#### Collected data:
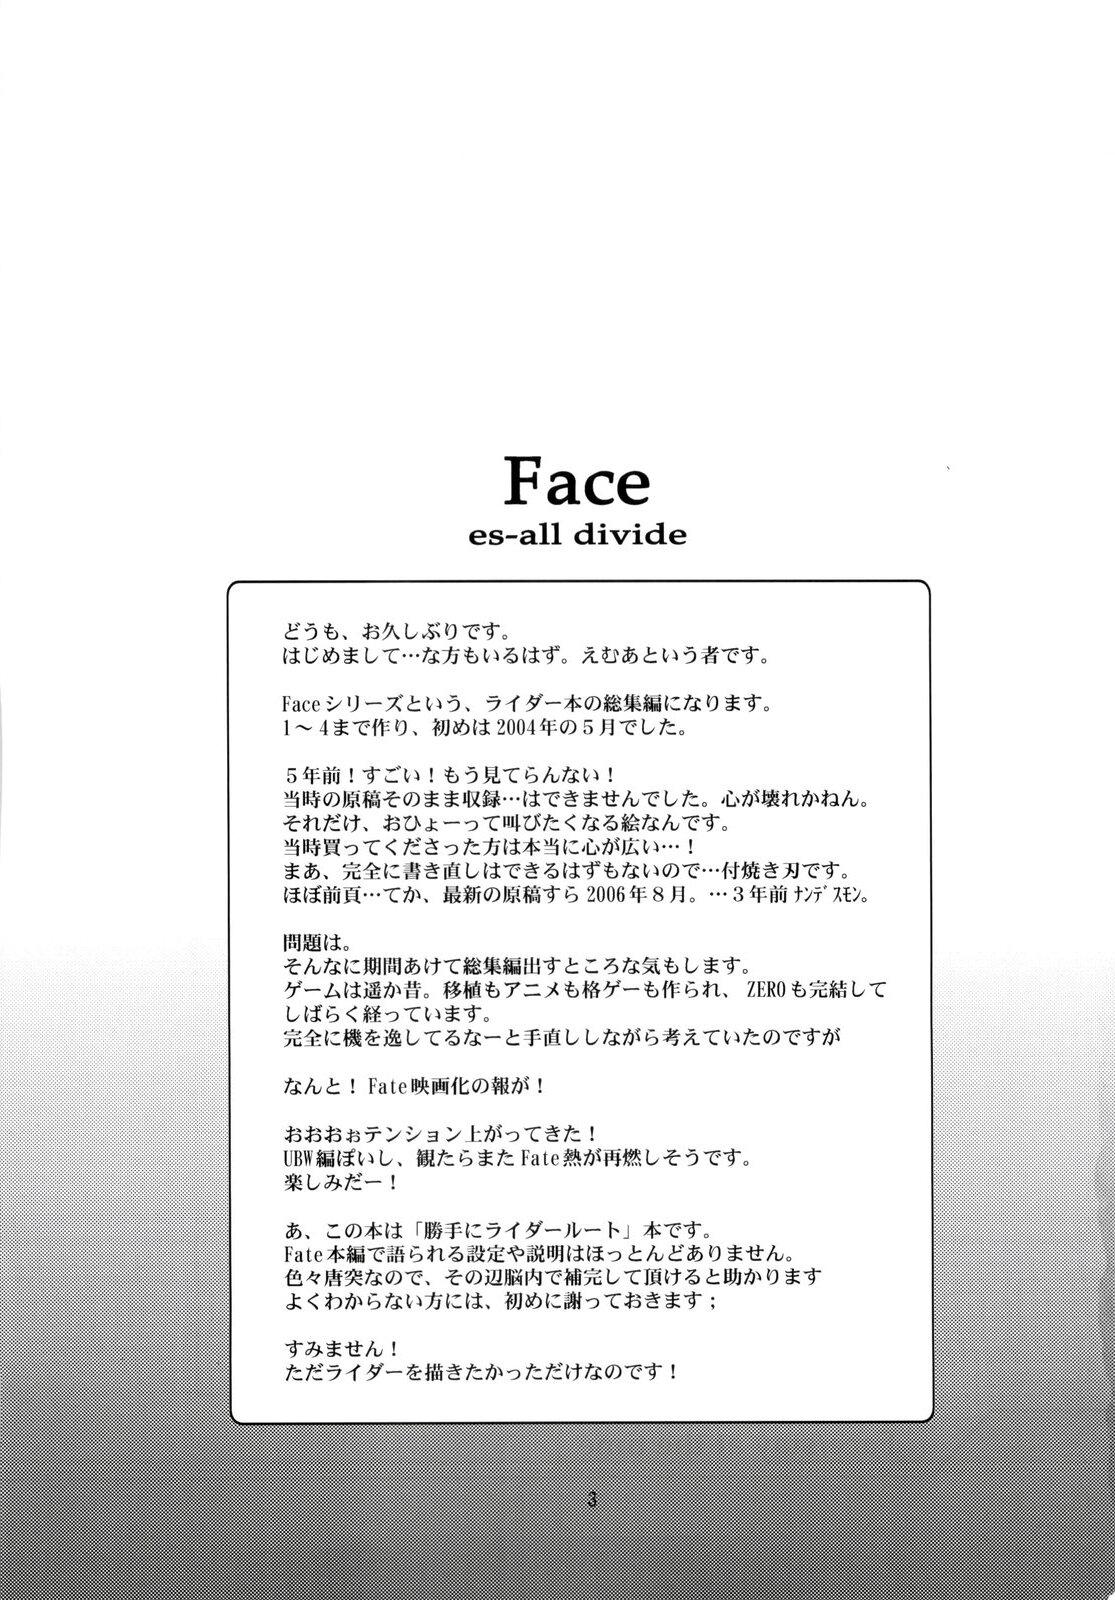 Hardcore Face es-all divide - Fate stay night Hardcore Porno - Page 2
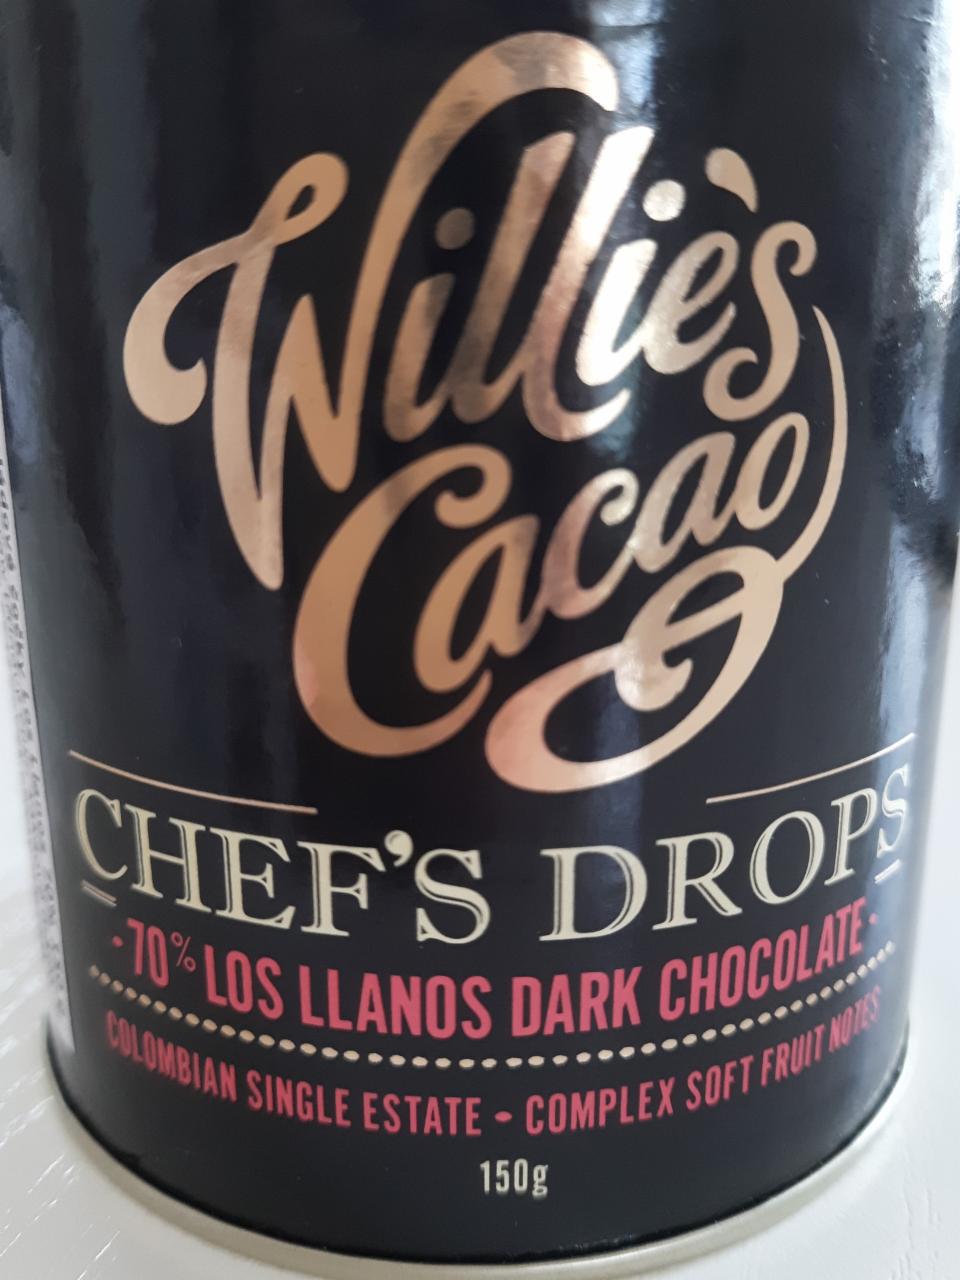 Fotografie - Los Llanos 70% Dark Chocolate Chefs Drops Willie's Cacao
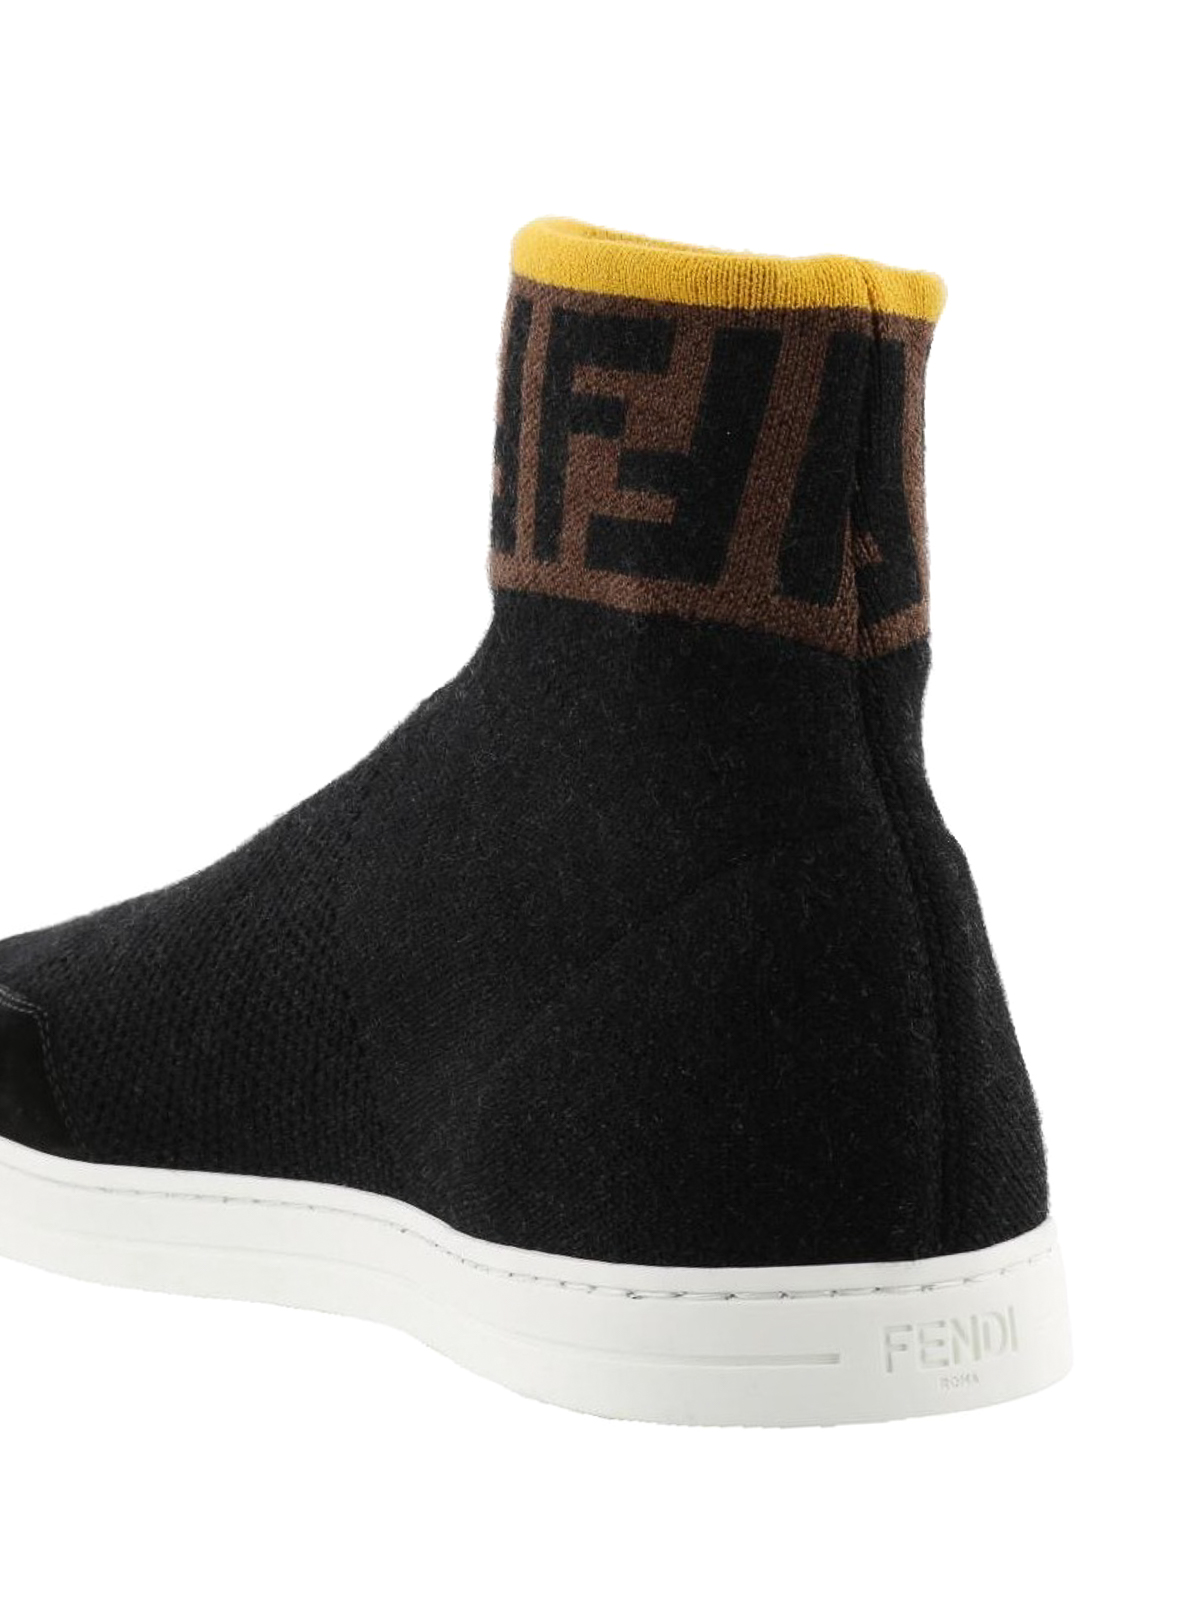 Fendi - Black knit wool sock sneakers 
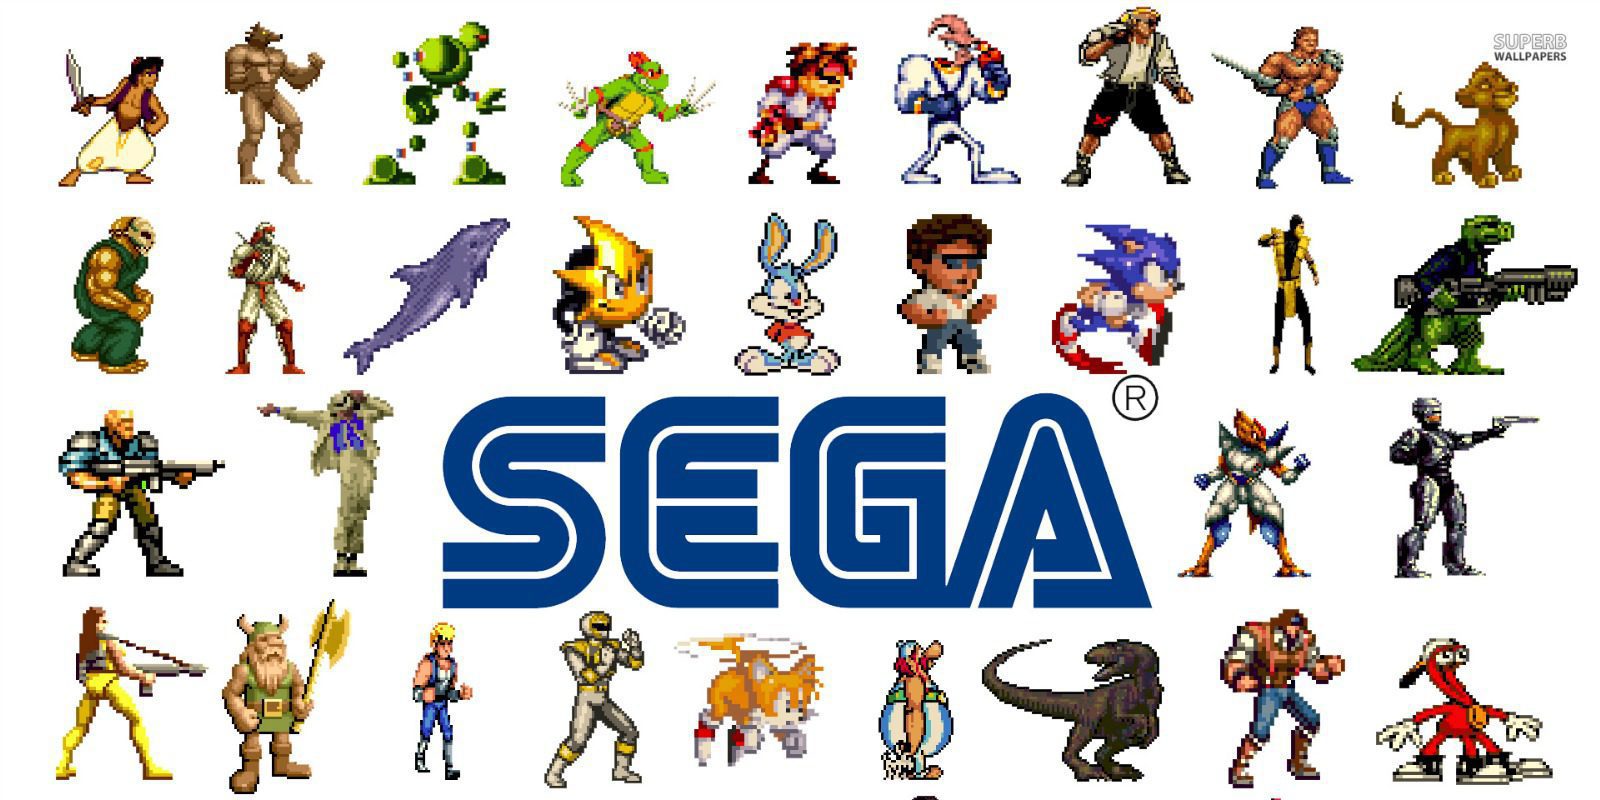 Sega sacará provecho de licencias olvidadas en los próximos años

#### Work to be completed:
Once the line containing "Fotografie - Los" is found, write it out exactly along with every line after it through the end of the listing, excluding pictures.

#### Answer space:
 Fotografie - Los Llanos 70% Dark Chocolate Chefs Drops Willie's Cacao
 Fendi - Black knit wool sock sneakers 
 Sega sacará provecho de licencias olvidadas en los próximos años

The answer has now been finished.